The barrier function is under constant influence and systemic control by the autonomic nervous system and the endocrine system closely associated with it. Risk factors such as nervous exhaustion, alimentary exhaustion, vitamin deficiency, chronic intoxication, allergens, etc., disrupt the barrier function, which leads to an increase in the effect of these factors and to the emergence of a vicious circle, which we define as a functional pathological system with a predominant effect of positive feedback.

The introduction of infection against this background, the decrease in the activity of tissue immunity under the influence of certain risk factors, leading to increased cellular oncogenesis, causes the development of corresponding diseases, which is largely inherent in the PNS. First of all, the function of the mucous glands is disrupted and the biochemical composition of their secretion changes, the immune properties of the cellular elements of the blood and the bactericidal properties of such substances as lysozyme are weakened, neoplastic processes progress, local tissue pathological processes arise, leading to a violation of trophism with the ensuing consequences characteristic of each specific nosological form.
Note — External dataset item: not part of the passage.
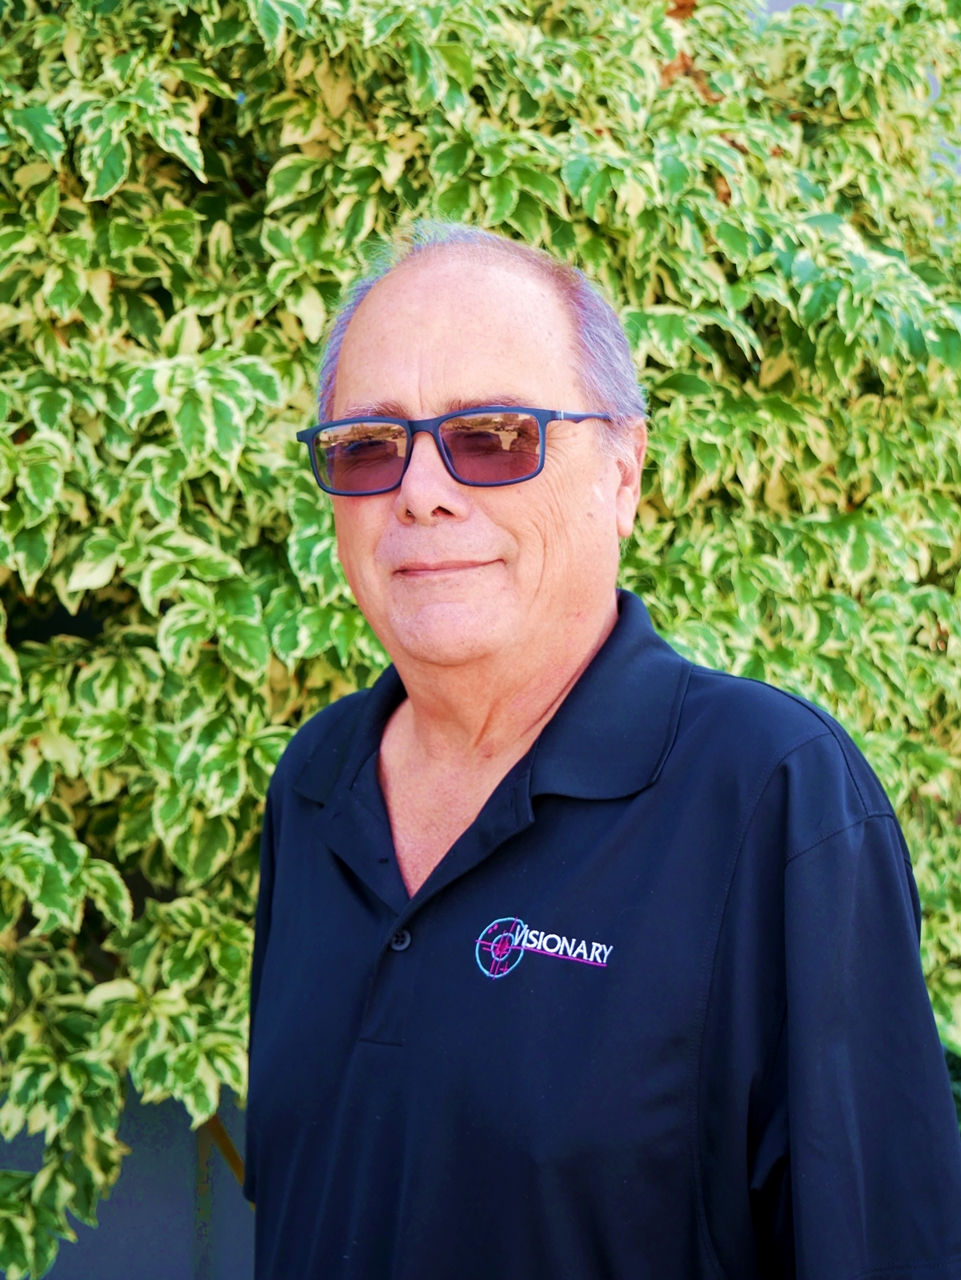 Man with glasses and grey hair standing in front of green bushes and a grey wall.

Violation of the barrier function and local immunity with weakness of the central mechanisms of regulation of humoral homeostasis leads to disruption of the physiological functions of such structures of the nasal mucosa as the mucociliary apparatus, interstitial tissue, tissue fluid, etc., which, in turn, potentiates the basic pathological process, causing new vicious cycles in it with the involvement of new organs and systems.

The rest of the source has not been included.